背景 MRI 卵巢-附件报告和数据系统 (O-RADS) 能够对超声不确定的附件病变进行风险分层,部分基于时间-强度曲线 (TIC) 分析,但该分析可能并非普遍适用。目的 比较 TIC 评估与视觉评估对动态对比增强 MRI 扫描对附件病变进行分类为良性或恶性的诊断准确性,并评估其对 O-RADS MRI 评分的影响。材料与方法 回顾性检索 2013 年 3 月至 2018 年 3 月间在欧洲附件磁共振研究组 (EURAD) 数据库中接受 MRI 检查以评估不确定附件病变的女性的前瞻性多中心研究数据。纳入因附件实性病变而接受手术的女性。通过视觉和 TIC 评估评估相对于外肌层的实性组织增强情况。记录对比材料洗脱情况。根据 O-RADS MRI 评分进行视觉和 TIC 评估,并对病变进行分类。计算每个病变的诊断准确性。结果 在 244 名女性(平均年龄,55.3 岁 ± 15.8 [标准差])的 320 个病变(207 个恶性,113 个良性)中进行了分析。恶性病变的敏感性分别为 96%(198/207)和 76%(157/207),TIC 和视觉评估的准确性分别为 86%(95%CI:81,90)和 78%(95%CI:73,82)。TIC 比视觉评估更准确( <.001),对良性病变的特异性更高(95%CI:92,98)和 76%(95%CI:68,81)。
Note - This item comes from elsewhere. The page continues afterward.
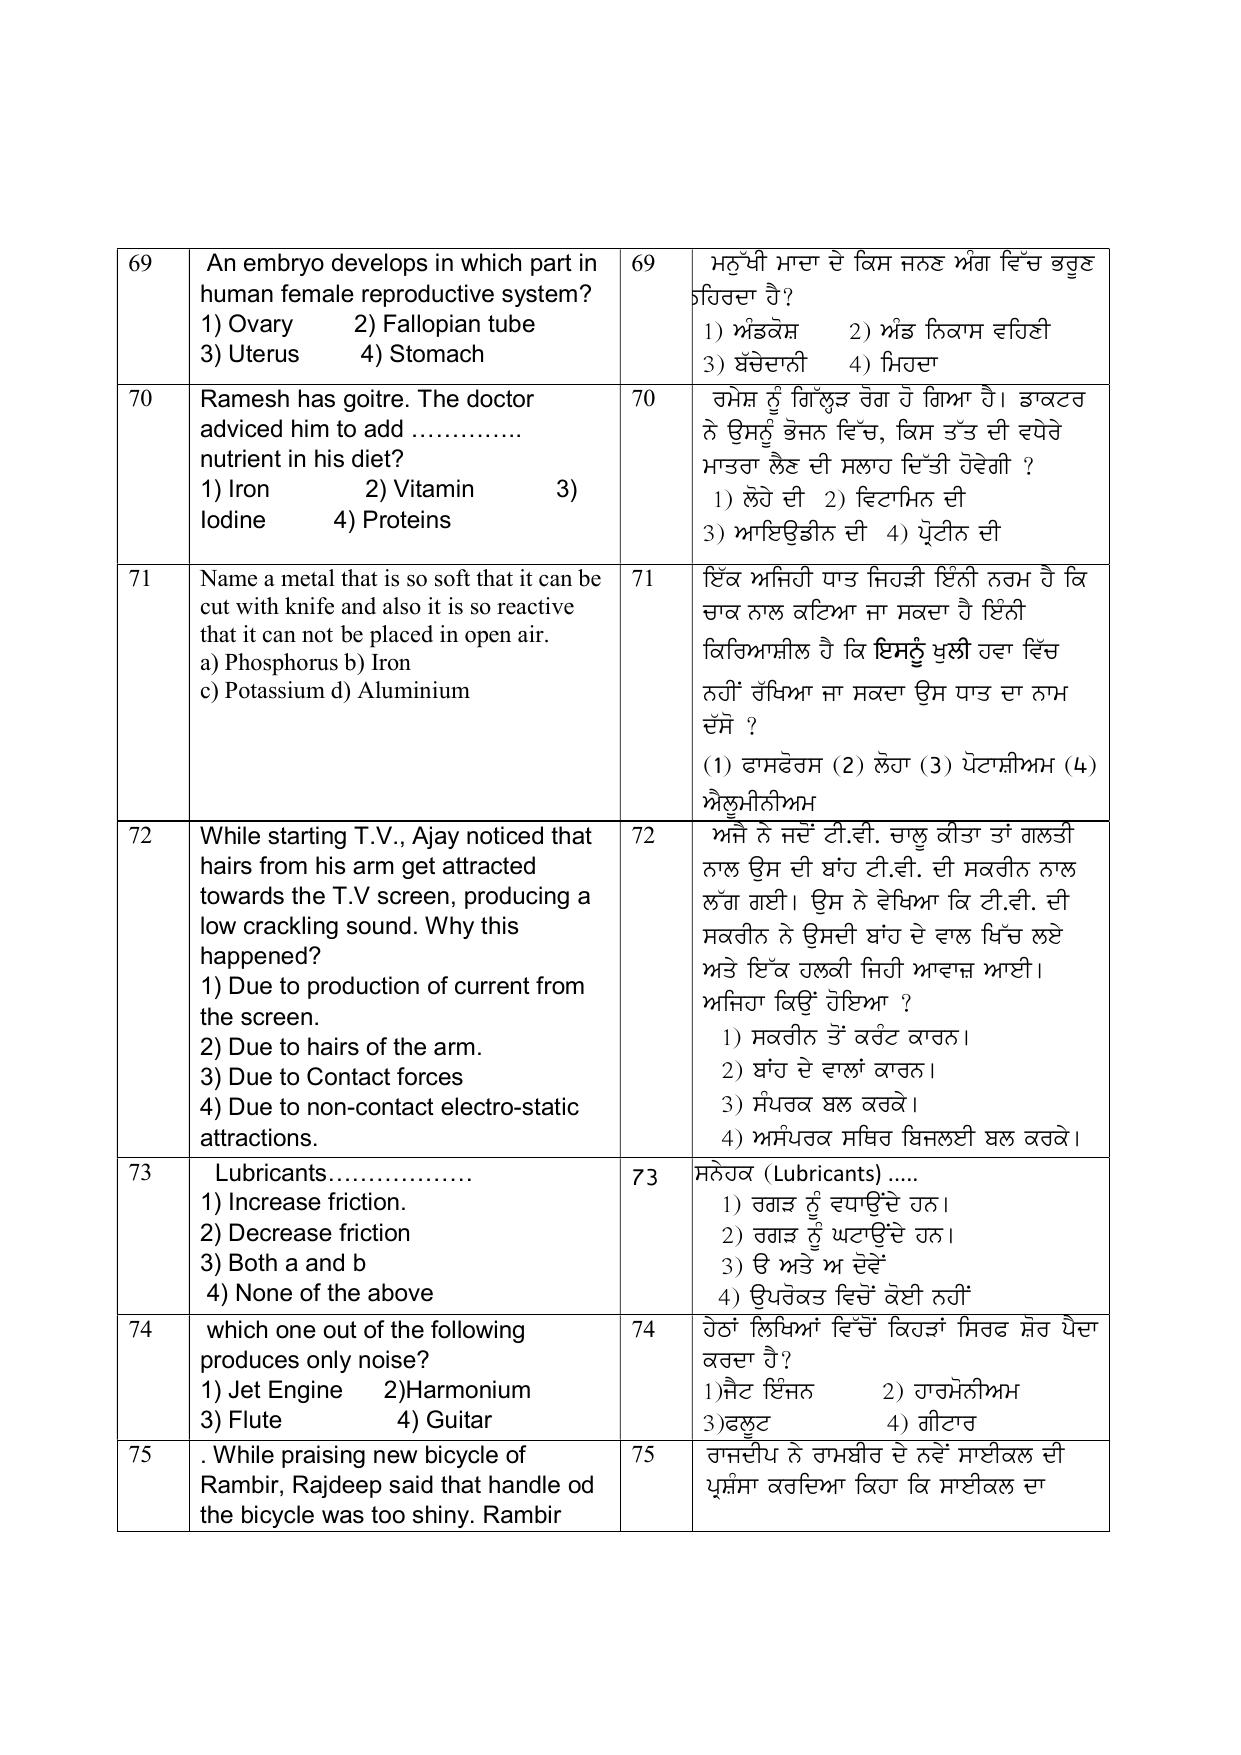 Punjab School of Eminence Class 9 Sample Question Paper - Page 13

21%(38/177)的侵袭性病变在视觉评估中被评为低风险。TIC 和视觉评估中,对比材料洗脱和高危强化(定义为比肌层更早的强化)对恶性病变均具有高度特异性(TIC 分别为 97%[95%CI:91,99]和 94%[95%CI:90,97],视觉评估分别为 97%[95%CI:92,99]和 93%[95%CI:88,97])。TIC 比视觉评估更准确(O-RADS MRI 评分曲线下面积,0.87[95%CI:0.83,0.90]与 0.73[95%CI:0.68,0.78]; <.001)。结论 与视觉评估相比,TIC 分析在实现 Ovarian-Adnexal Reporting and Data System MRI 评分的最佳诊断准确性方面更准确。临床试验注册号 NCT01738789 © RSNA,2022 参见本期 Vargas 和 Woo 的社论。